Uma comunidade quilombola de Mangaratiba poderá realizar, a partir desta sexta-feira até domingo (18, 19 e 20), um evento cultural em razão do dia 13 de maio, data em que se reforça a luta contra o racismo, por meio da memória da edição da Lei Áurea, que representa abolição da escravatura no Brasil. O direito à manifestação foi garantido por uma decisão obtida pela Defensoria Pública do Estado do Rio de Janeiro (DPRJ) em favor dos descendentes de negros escravizados, cujos antepassados se estabeleceram na região desde a década de 1920 e hoje sofrem com restrições ao seu seu direito de ir e vir, ao direito de expressar a cultura e de difundir as tradições quilombolas.

 

O quilombo fica dentro das fazendas Santa Justina e Santa Izabel. Apesar da área ser objeto de um processo de desapropriação em favor das 57 famílias que ali residem, atualmente em tramitação no Instituto Nacional de Colonização e Reforma Agrária (INCRA), a empresa que comprou as terras instalou uma porteira, que é vigiada 24 horas. Alguns dos seguranças que fica na entrada andam armados e impedem o livre trânsito dos moradores. 

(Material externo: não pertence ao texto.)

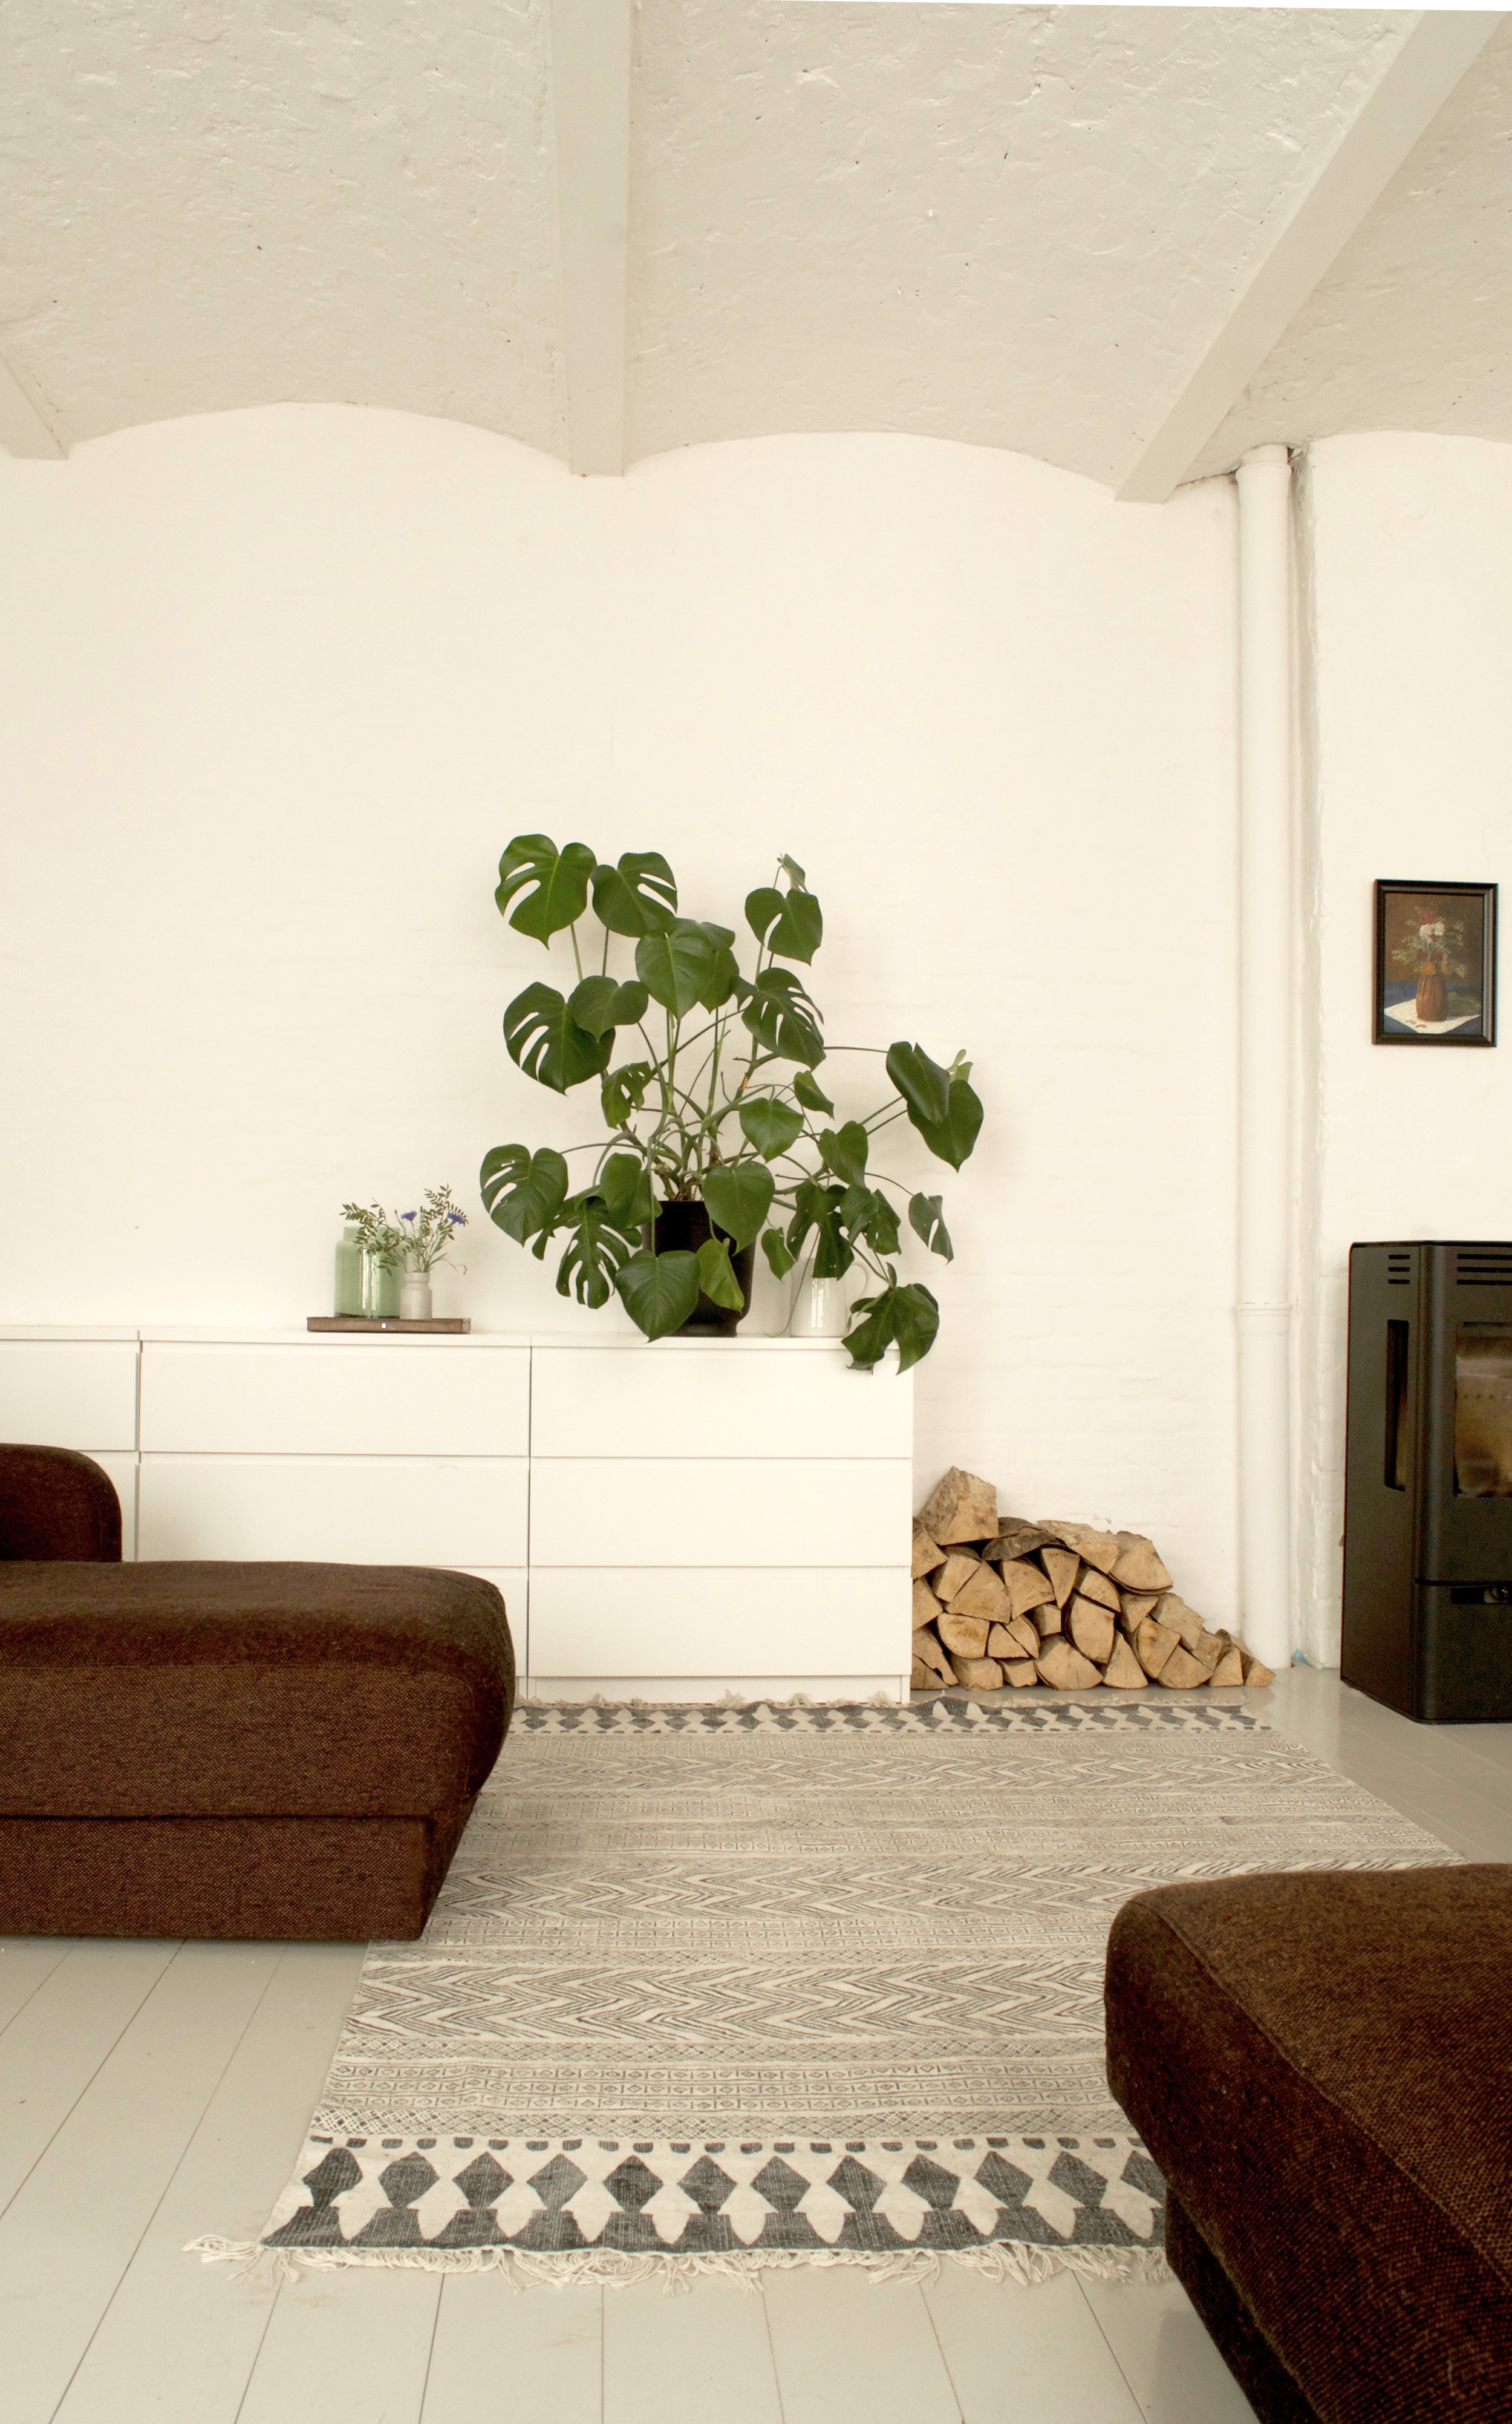 raini-peters-interior-design-and styling-berlin-wood-fire.jpg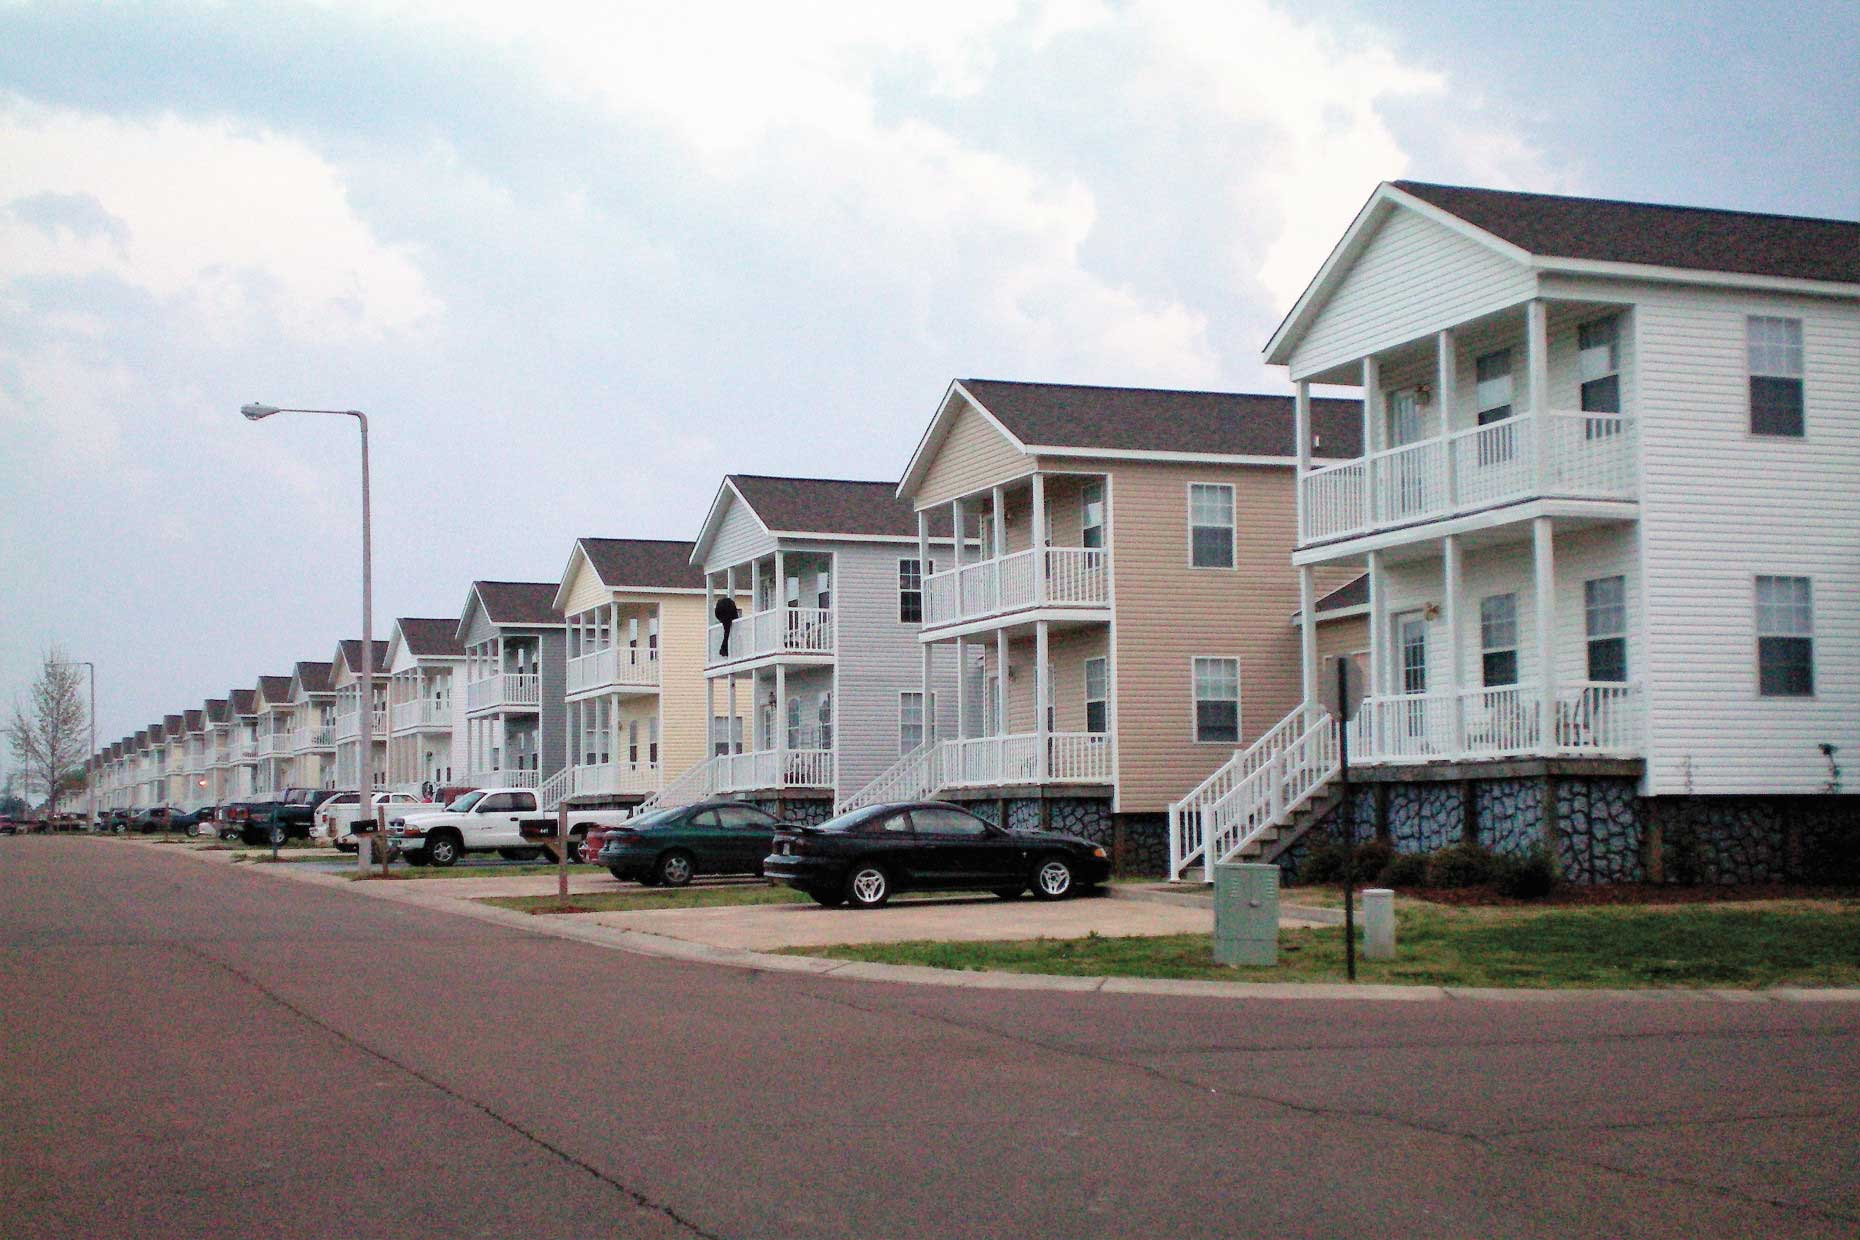 row of homes down street

A defensora pública Lívia Casseres, coordenadora do Núcleo Contra a Desigualdade Racial (Nucora) da Defensoria, explicou que a comunidade quilombola existe, pelo menos, desde 1920. As famílias descendentes de pessoas negras escravizadas que moram lá vivem da atividade agrícola. 

 

Segundo Lívia, a realização da manifestação cultural em razão da abolição da escravatura, celebrada no último dia 13 de maio, foi comunicada pela Associação dos Quilombolas *aos representantes da empresa*, que afirmaram que não permitiria a realização do ato. 

 

– Essa manifestação é, na verdade, um ato de reconhecimento e afirmação da luta contra a o racismo, que mesmo após a abolição formal da escravidão permanece relegando a população negra brasileira a uma situação de desigualdade estrutural. É um ato político da organização, de resistência e luta por direitos. Eles não têm que pedir autorização para fazer esse evento cultural, mas comunicaram. E mais uma vez essas pessoas que ficam na porteira do imóvel, seguranças privados, oprimiram os quilombolas. Eles lutam há quase 100 anos para terem reconhecido o título de propriedade. A terra é deles – explicou a defensora. 

 

Ao analisar o pedido da Defensoria, o juiz Marcelo Borges Barbosa, da Vara Única de Mangaratiba, afirmou que “é com pesar que, passados 127 anos desde a abolição da escravatura, negros tenham que se valer da Justiça para fazer valer seus direitos.”

 

– Da análise dos autos verifico como pertinente o pedido autoral. Cuida-se de comunidade que luta para que sejam reconhecidos seus direitos sobre a terra que ocupam há quase 100 anos e fazem parte da história deste município e pela manutenção da cultura negra que tanto fez pelo crescimento deste país. Não são raras as informações de conflitos envolvendo os adquirentes da referida fazenda e os órgãos de proteção os direitos dos negros, valendo acrescentar que em matéria recente de jornal de grande circulação, veiculou-se notícia sobre o isolamento imposto pelos adquirentes das terras da Fazenda Santa Justina, aos moradores quilombolas – afirmou o juiz na decisão em que determinou pena de multa pessoal aos Réus que de alguma forma criem obstáculos à manifestação cultural. 

 

Por considerar que a comunidade sofreria prejuízos caso não pudesse se manifestar pela “data marcante na história dos negros no Brasil”, o magistrado determinou “aos réus que se abstenham de impor qualquer obstáculo ao livre trânsito de quaisquer pessoas e veículos convidados pelos quilombolas pela porteira da Fazenda Santa Justina, para participação nas festividades previstas para os dias 18, 19 e 20 de maio de 2018”. 

 

Pela decisão, os réus também não poderão proibir a entrada de objetos, tais como instrumentos musicais, alimentos, peças de decoração, mesas e cadeiras, dentre outros necessários à realização da manifestação. O descumprimento da decisão está sujeito à multa diária no valor de R$ 5 mil.